Does the gay person spray it on their bodies as a prophylaxis to stop being gay, or does a straight person buy this as a non-vital attack defensive tool? I mean, my wife and I have a taser and pepper spray, but neither come with a warning to "use on straight attackers only."

Oh, and the can should show more rainbows...


----------



## MaterielGeneral (Jan 27, 2015)

The Tourist said:


> Okay, I'm confused.
> 
> Does the gay person spray it on their bodies as a prophylaxis to stop being gay, or does a straight person buy this as a non-vital attack defensive tool? I mean, my wife and I have a taser and pepper spray, but neither come with a warning to "use on straight attackers only."
> 
> Oh, and the can should show more rainbows...


Yes I think there should be at least one rainbow in the upper corner.

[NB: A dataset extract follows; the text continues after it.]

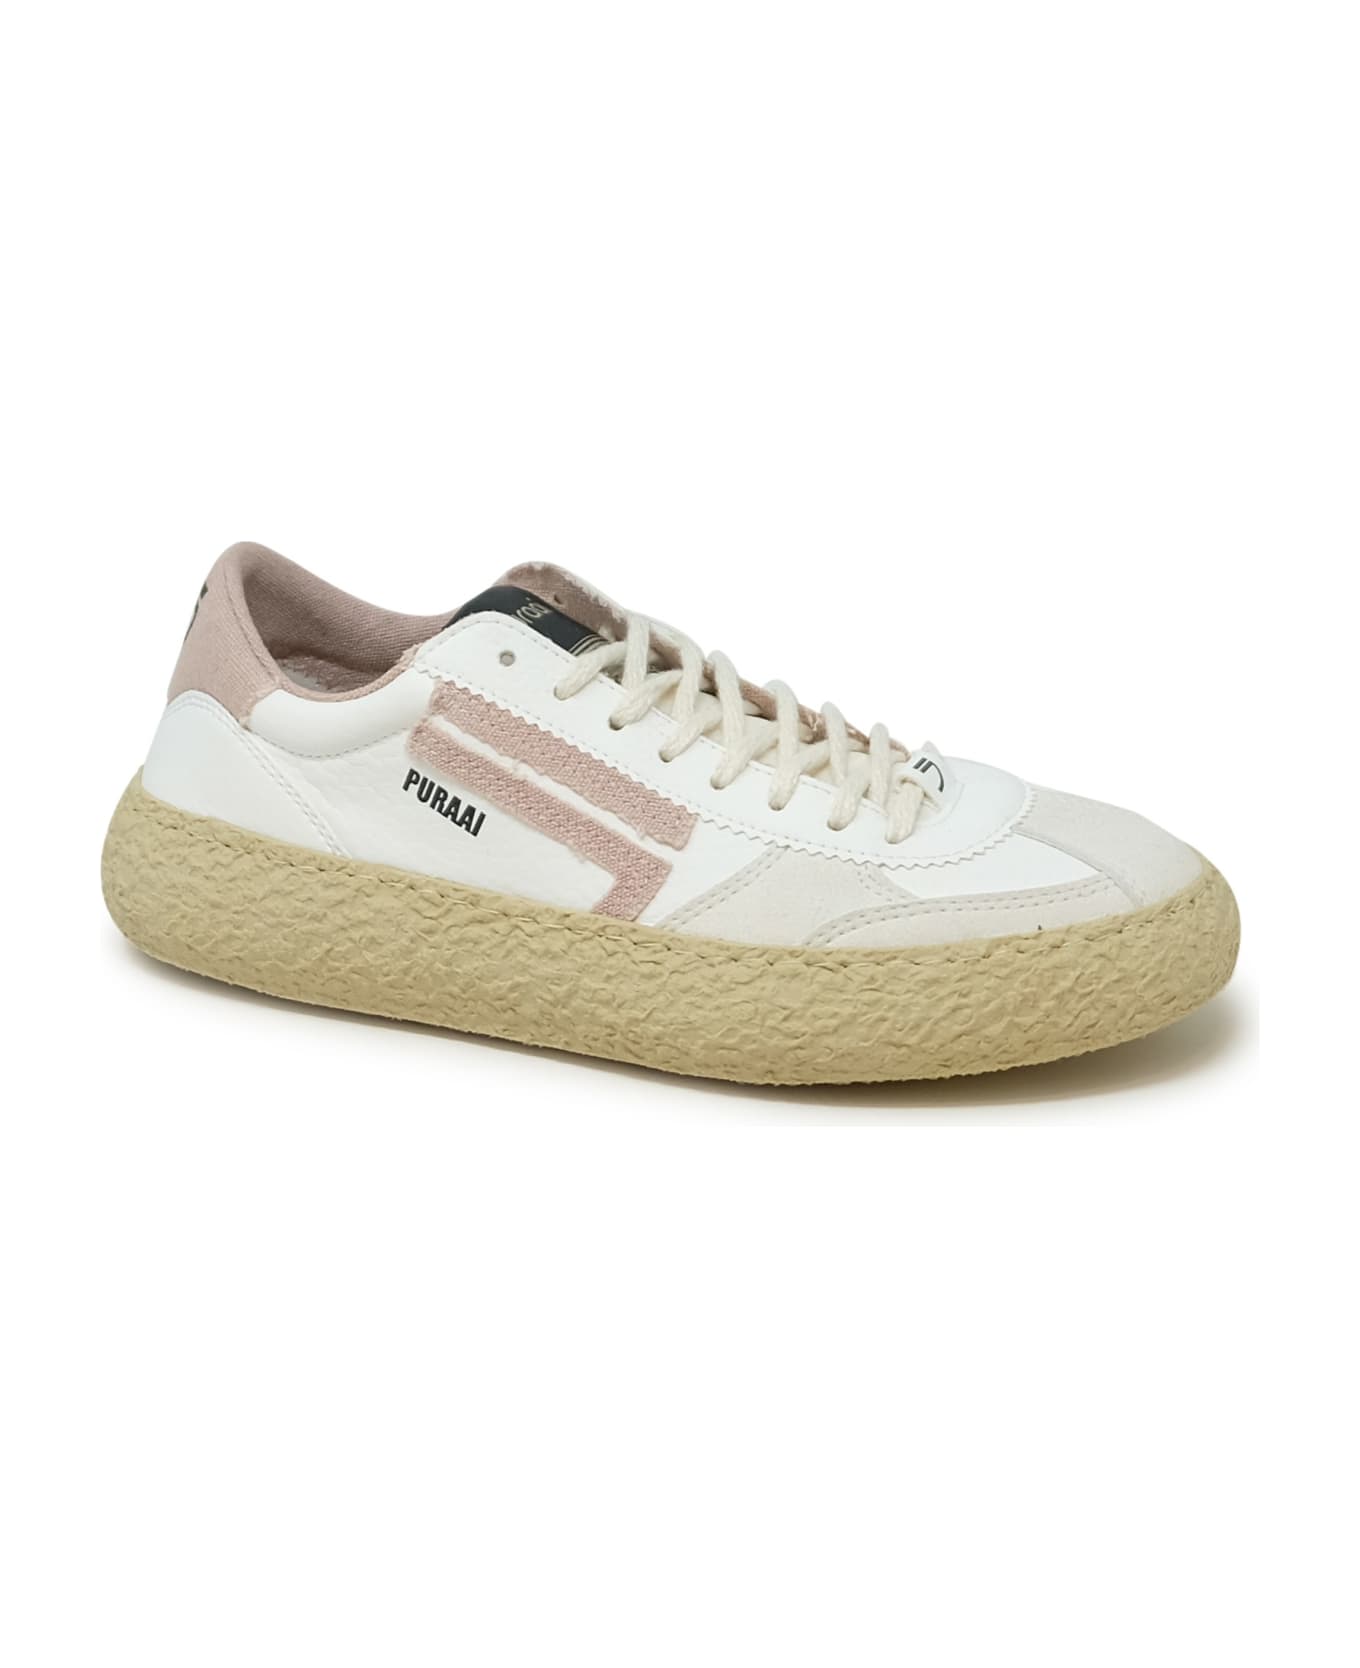 Puraai 1.01 Classic White And Pink Vegan Leather Sneakers - WHITE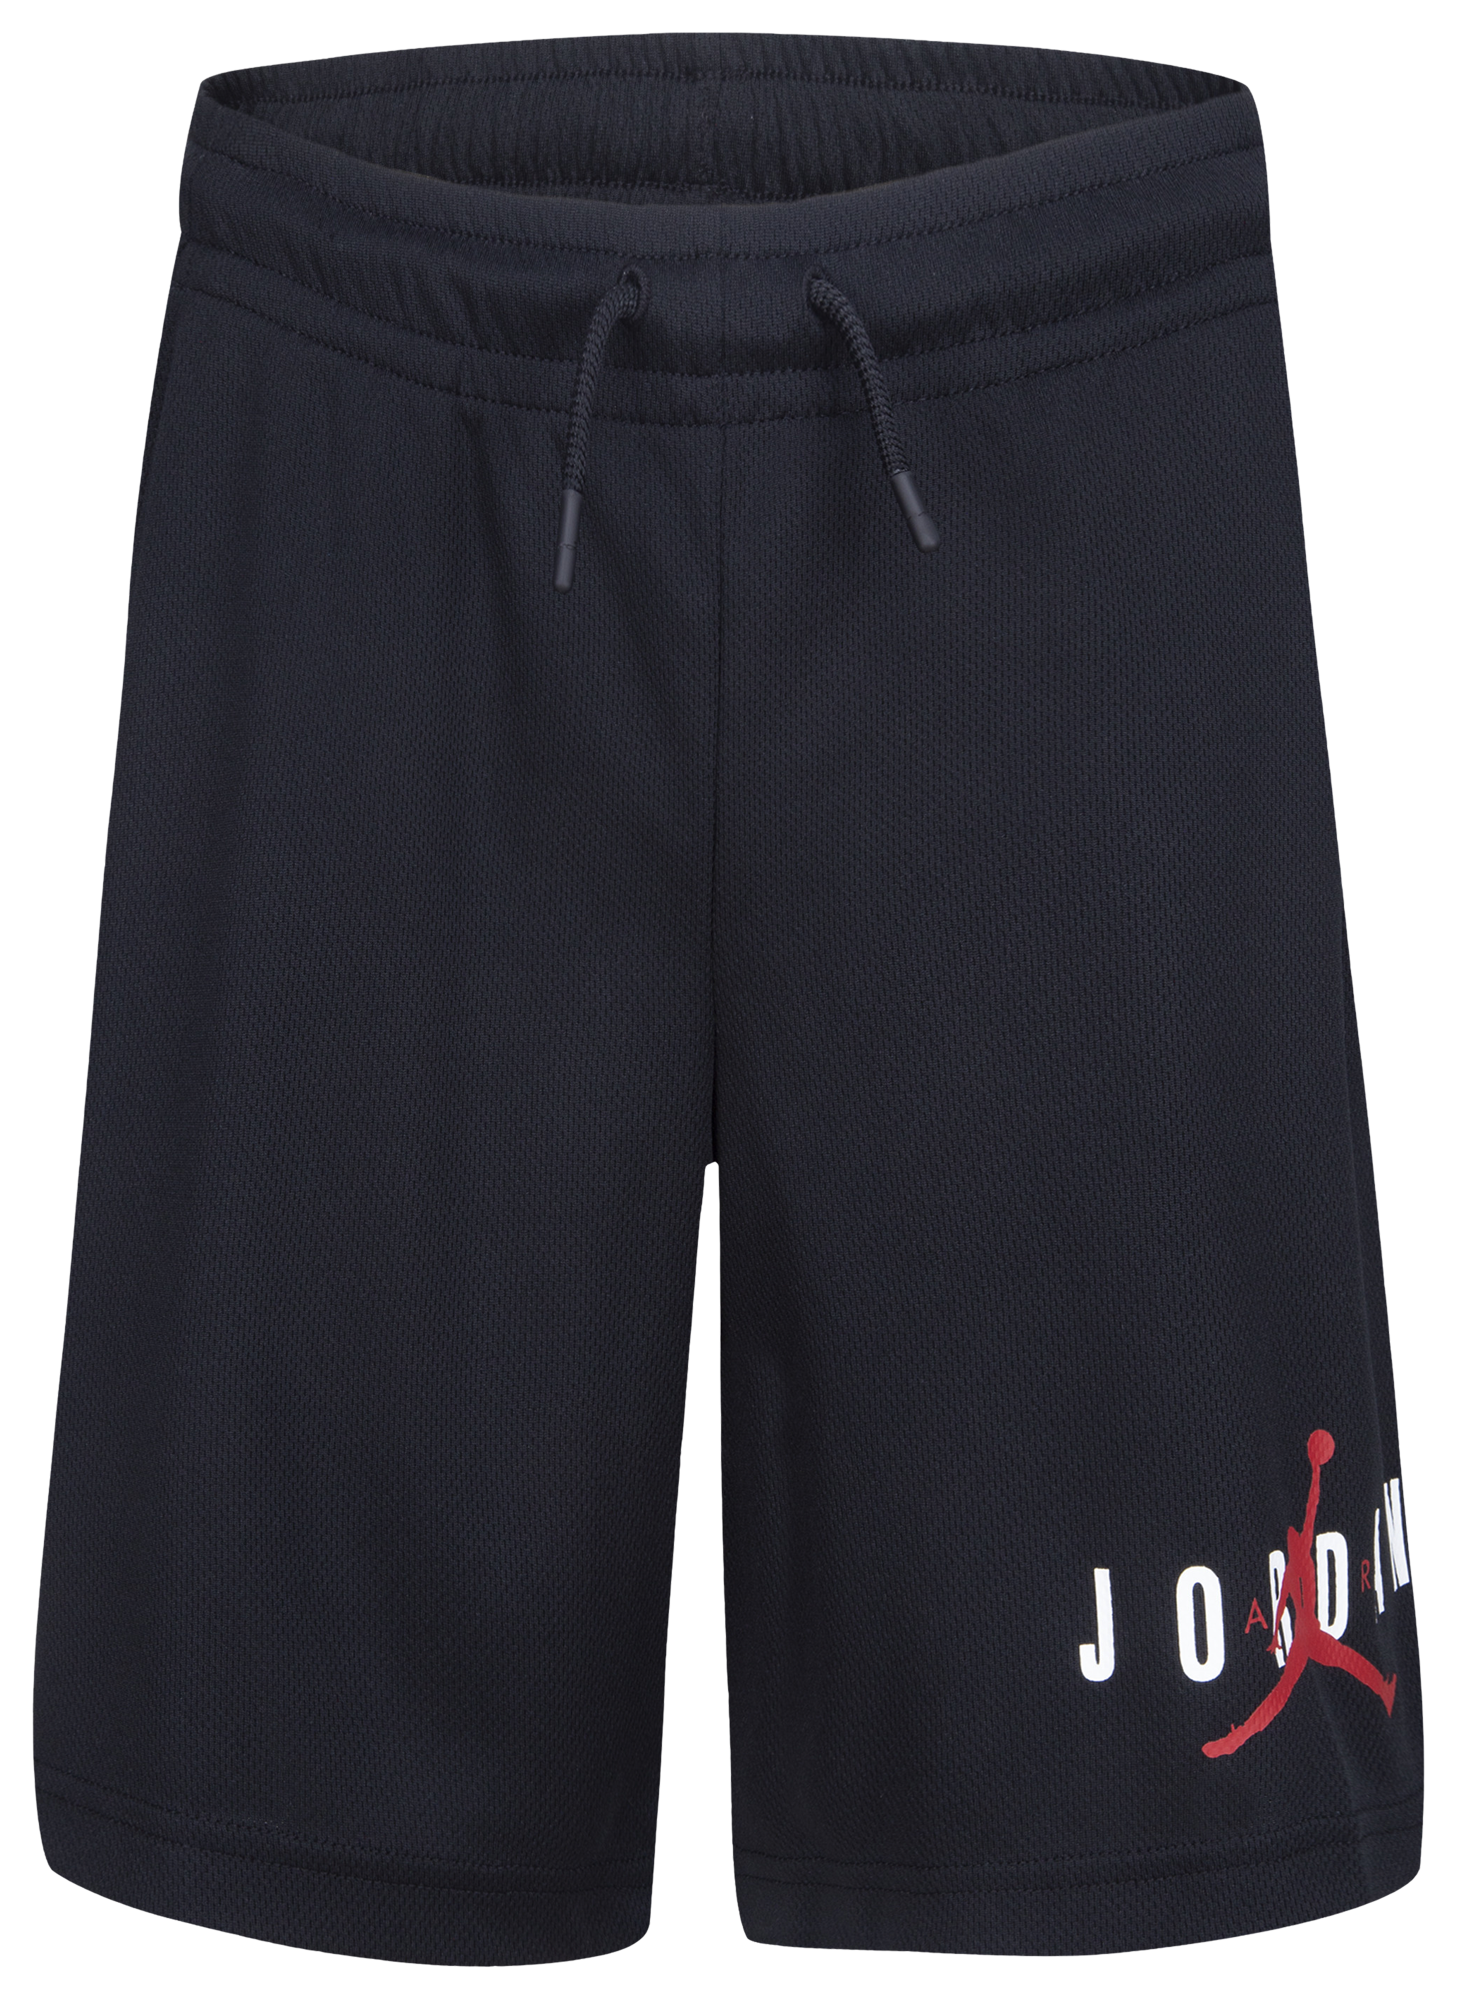 Jordan Essentials Graphic Mesh Shorts - Boys' Grade School

Sent from my XT1585 using Tapatalk


----------



## TG (Jul 28, 2014)

:vs_laugh::vs_laugh::vs_laugh:


----------



## LunaticFringeInc (Nov 20, 2012)

MaterielGeneral said:


> Yes I think there should be at least one rainbow in the upper corner.
> 
> Sent from my XT1585 using Tapatalk


No not in the upper corning we need to put it front and center so it can be bold and all up in your face about it just like Gay activist are these days!!!


----------



## LunaticFringeInc (Nov 20, 2012)

It should also be in a Fuschia colored packaging as well cause hell pink is too generic and aint good enough!


----------



## RedLion (Sep 23, 2015)

The Tourist said:


> Okay, I'm confused.
> 
> Does the gay person spray it on their bodies as a prophylaxis to stop being gay, or does a straight person buy this as a non-vital attack defensive tool? I mean, my wife and I have a taser and pepper spray, but neither come with a warning to "use on straight attackers only."
> 
> Oh, and the can should show more rainbows...


You did not read.....


> to study the effects of spraying oxytocin up the noses of homosexual men to see how it affects their sexual orientation.


----------



## LunaticFringeInc (Nov 20, 2012)

Disclaimer....

No I am not a homophobe, I got several friends who are gay and most of the time they are pretty cool about it and I am a live and let live kinda guy. But sometimes they do get a little too embolden and in your face about their gayness and sometimes I have to remind them they are being that way. Just having a little fun with this as a straight white guy who is the most unreprisented and least priviledged faction in todays society.


----------



## LunaticFringeInc (Nov 20, 2012)

Oh crap thats for real huh? I thought it was just anbother parody someone came up with! Yeah the left is gonna blow a gasket over this no doubt.


----------



## The Tourist (Jun 9, 2016)

RedLion said:


> You did not read.....


Well, of course not. I live near Madison, Wisconsin. I have heard about gays, communism, Black Lies Matter and revisionist history since I moved here in 1968.

To me, the joke was more important than what all of the gays in the USA think.


----------



## MisterMills357 (Apr 15, 2015)

Mistakes are bound to occur here, a drunk gay guy may pick this up, and use it. Kills on contact, It has an extremely fast knockdown too.

Extremely fast knockdown. Kills a broad range of crawling insects. Contains active ingredients for rapid kill action and residuals to keep killing for up to four weeks. Light, outdoor fresh scent.


----------



## hawgrider (Oct 24, 2014)

I'll take a case of that I think gays are queer.


----------



## inceptor (Nov 19, 2012)

Well this board will be shut down for sure. All the closet gays and liberals here will have a fit and turn you in. Gay opposition is considered a hate crime after all.

ETA: FBI hate crime statistics from 2015

Sexual-orientation bias (Based on Table 1.)

In 2015, law enforcement agencies reported 1,219 hate crime offenses based on sexual-orientation bias. Of these offenses:

62.2 percent were classified as anti-gay (male) bias.

19.3 percent were prompted by an anti-lesbian, gay, bisexual, or transgender (mixed group) bias.

13.8 percent were classified as anti-lesbian bias.

2.9 percent were classified as anti-bisexual bias.

1.9 percent were the result of an anti-heterosexual bias.

Gender-identity bias (See Table 1.)

Of the single-bias incidents, 118 offenses were a result of gender-identity bias. Of these offenses:

75 were anti-transgender.

43 were anti-gender non-conforming


----------



## Slippy (Nov 14, 2013)

I've said it before and I'll say it again..a male human being who wants to stick his penis in another male human beings anus is 100% mentally ill.


----------



## inceptor (Nov 19, 2012)

Slippy said:


> I've said it before and I'll say it again..a male human being who wants to stick his penis in another male human beings anus is 100% mentally ill.


You can't say that @Slippy. It's politically incorrect. However you may call it traveling the Hershey Highway.


----------



## 7515 (Aug 31, 2014)

In the words of the late Sam Kennison. 
“How can one man look at another mans hairy ass and find love?”


----------



## 6811 (Jan 2, 2013)

Enough of this fagotry already!!!!


----------